**DATASET EXTRACT**
***

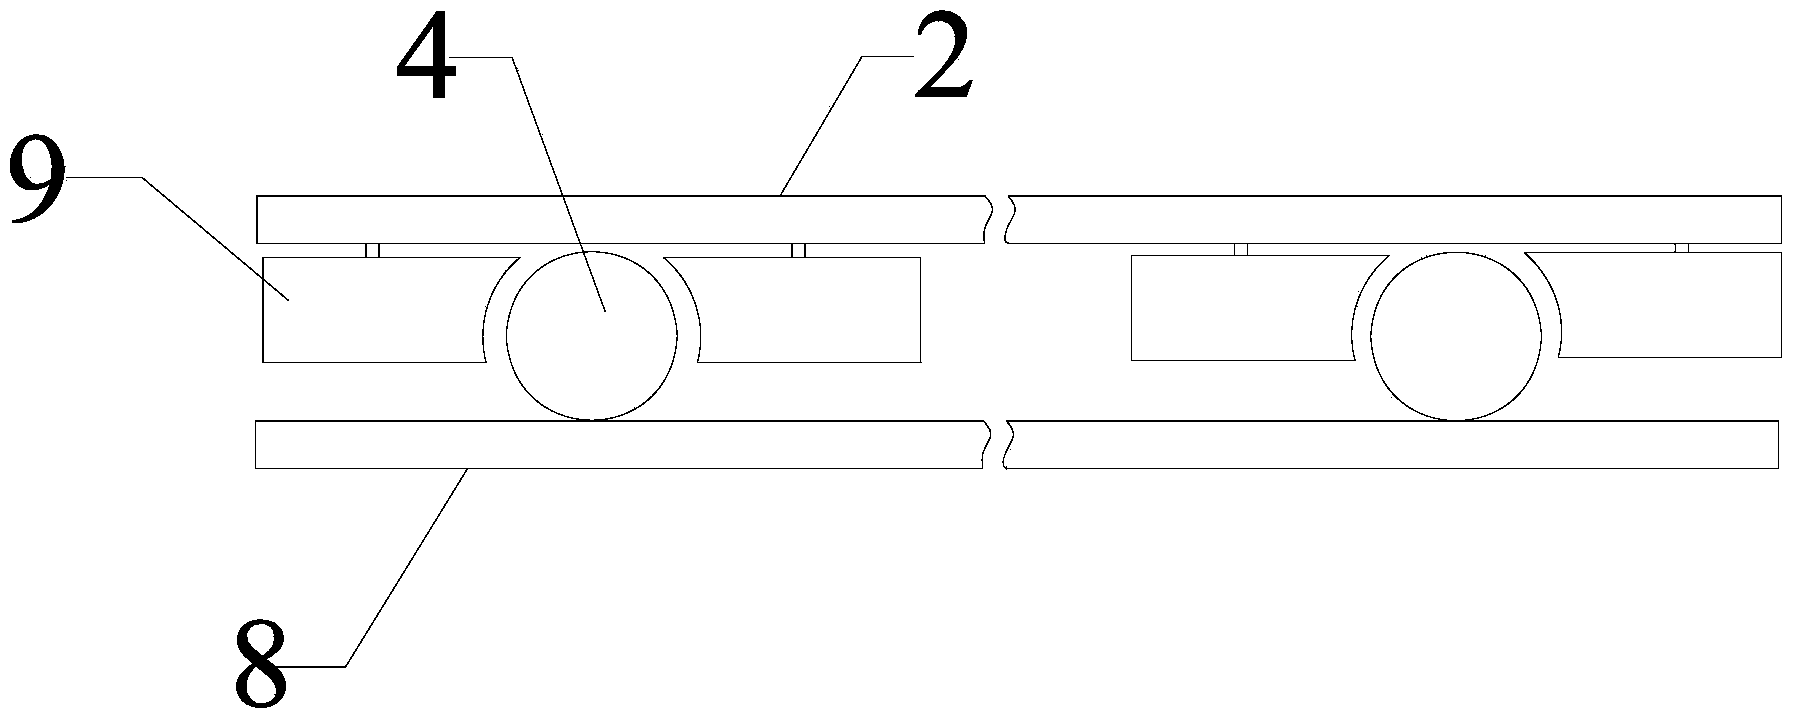 Magnetic repulsion type ball holding rolling door/window
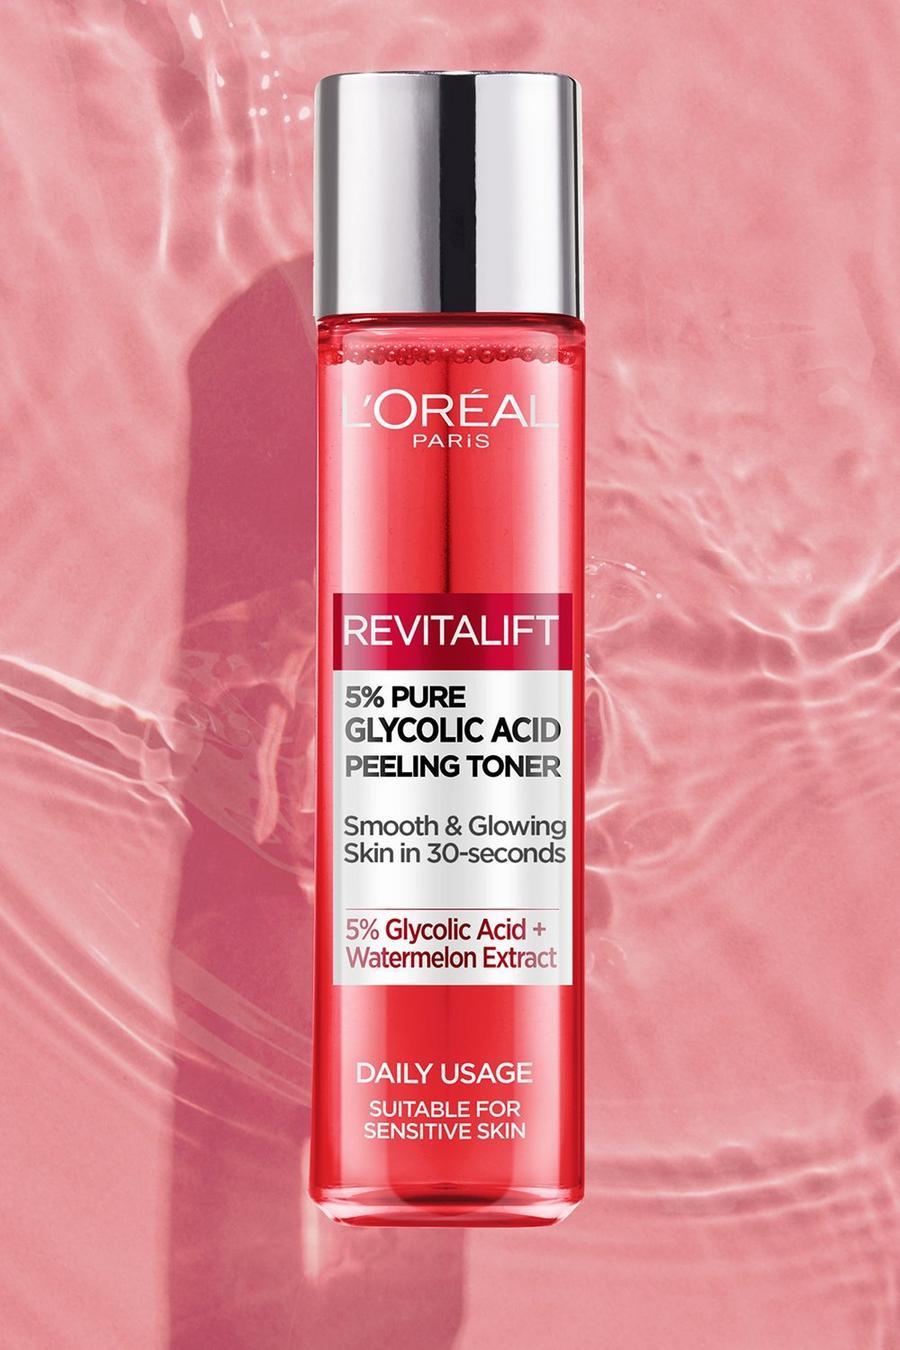 L'Oréal Paris - Peeling tonifiant avec 5% d'acide glycolique, Multi mehrfarbig
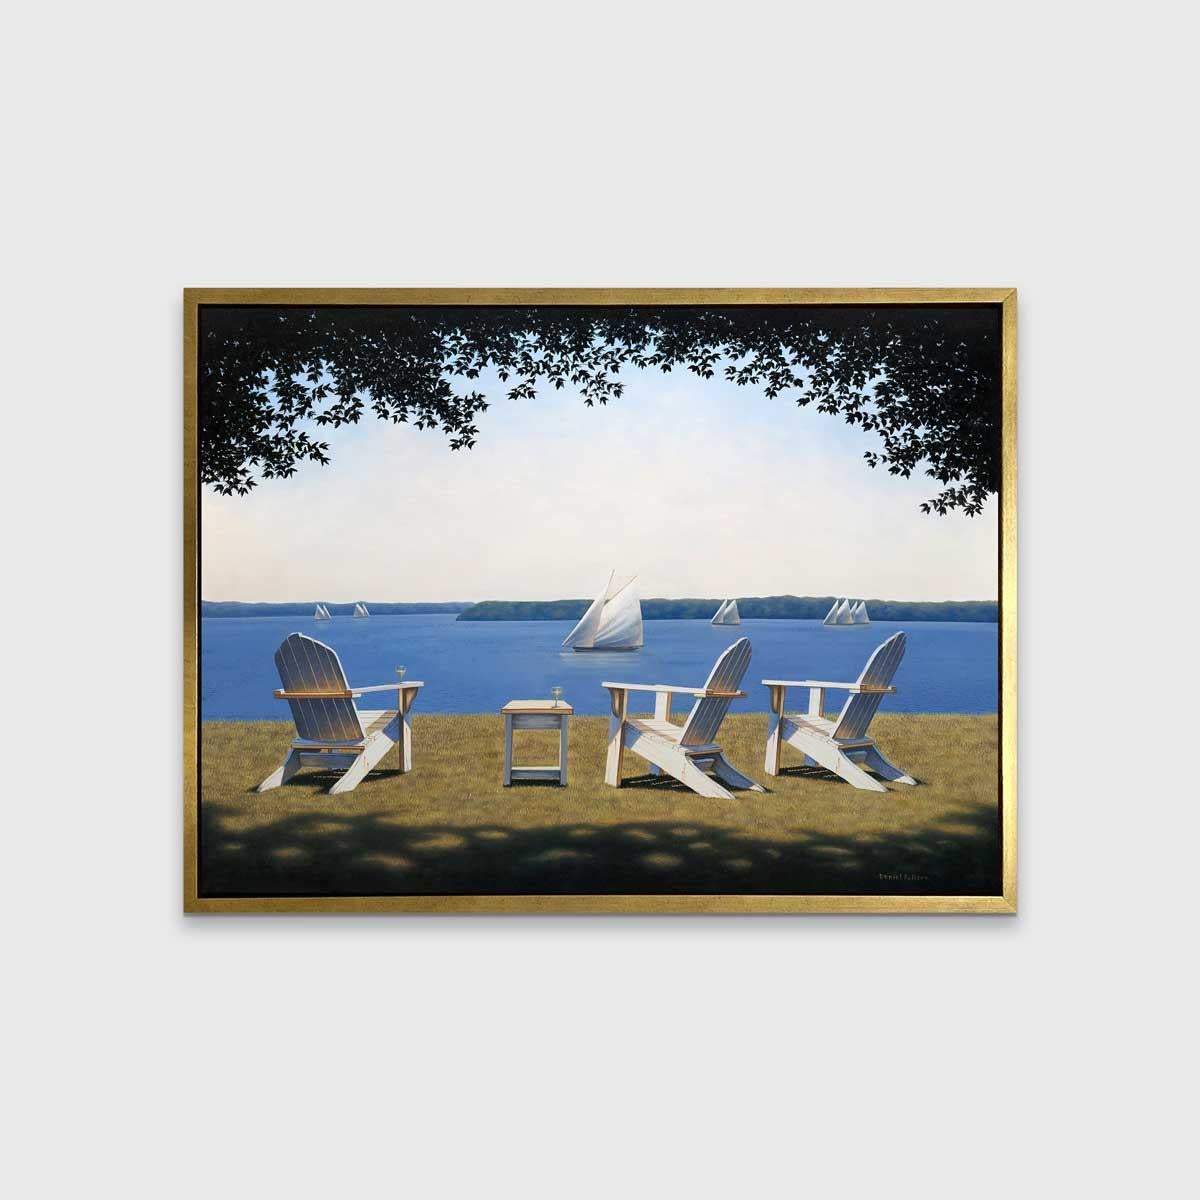 Dieses traditionelle Küstenmotiv in limitierter Auflage von Daniel Pollera zeigt drei weiße Adirondack-Stühle, die im Gras stehen und ein Gewässer überblicken. Mehrere Segelboote sind in der Nähe und weiter draußen entlang der Horizontlinie zu
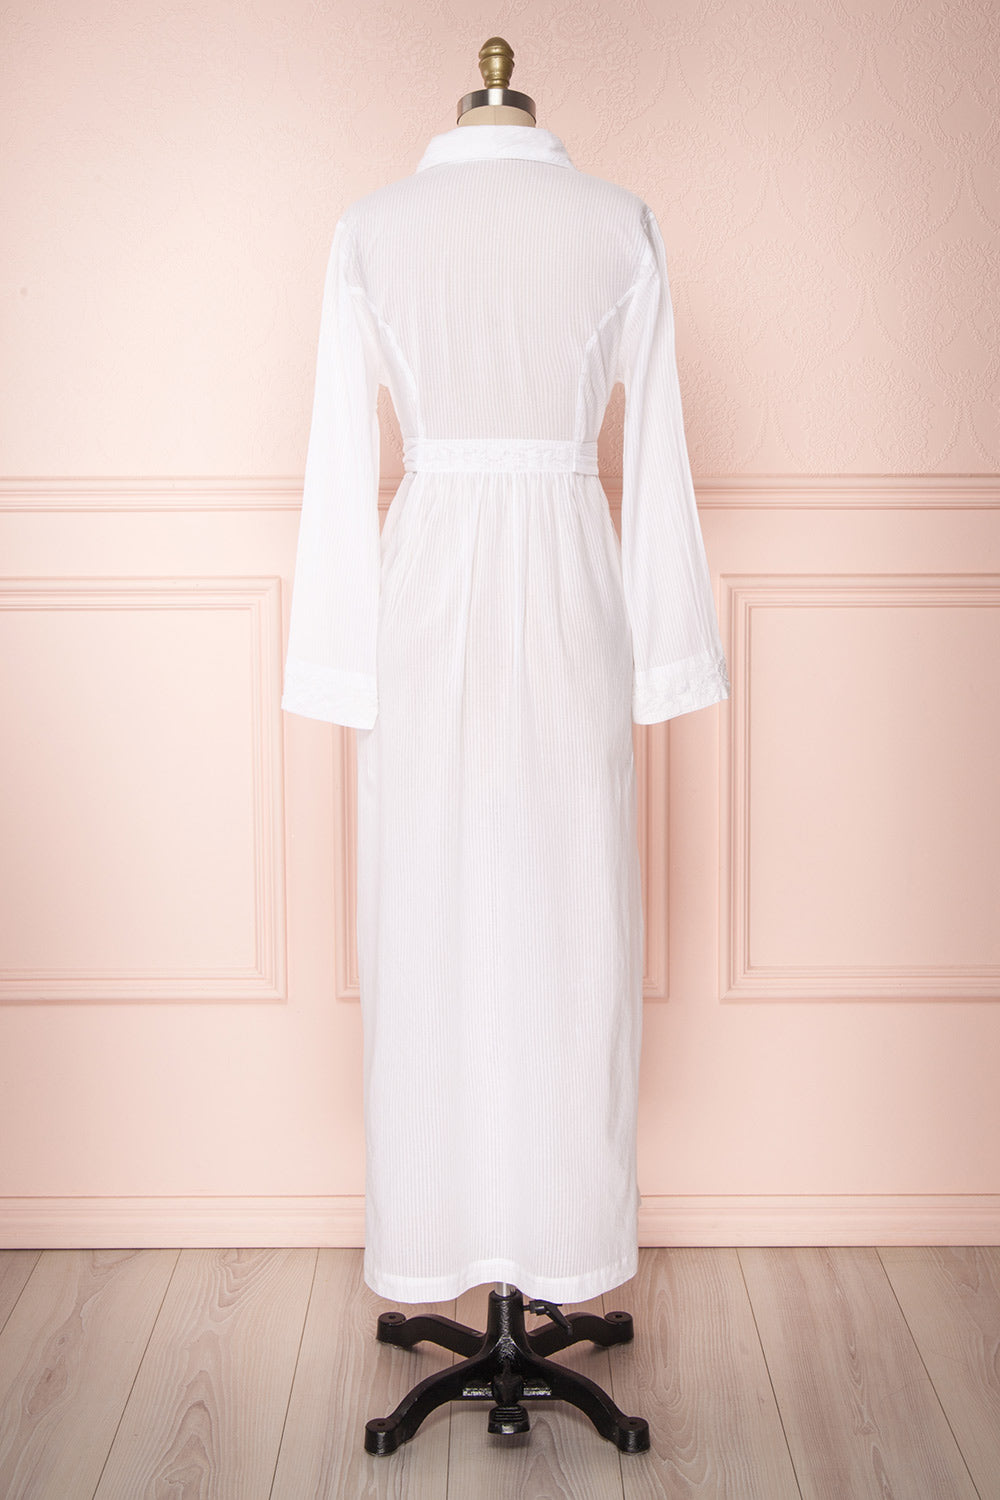 Shihoka White Cotton Kimono with Stripes & Embroidery | Boutique 1861 7

***

Write out all the material above exactly, with no image carried over.

**ANSWER TO THE EXERCISE**
 Magnetic repulsion type ball holding rolling door/window
 L'Oréal Paris - Peeling tonifiant avec 5% d'acide glycolique, Multi mehrfarbig
 Dieses traditionelle Küstenmotiv in limitierter Auflage von Daniel Pollera zeigt drei weiße Adirondack-Stühle, die im Gras stehen und ein Gewässer überblicken. Mehrere Segelboote sind in der Nähe und weiter draußen entlang der Horizontlinie zu
 Shihoka White Cotton Kimono with Stripes & Embroidery | Boutique 1861 7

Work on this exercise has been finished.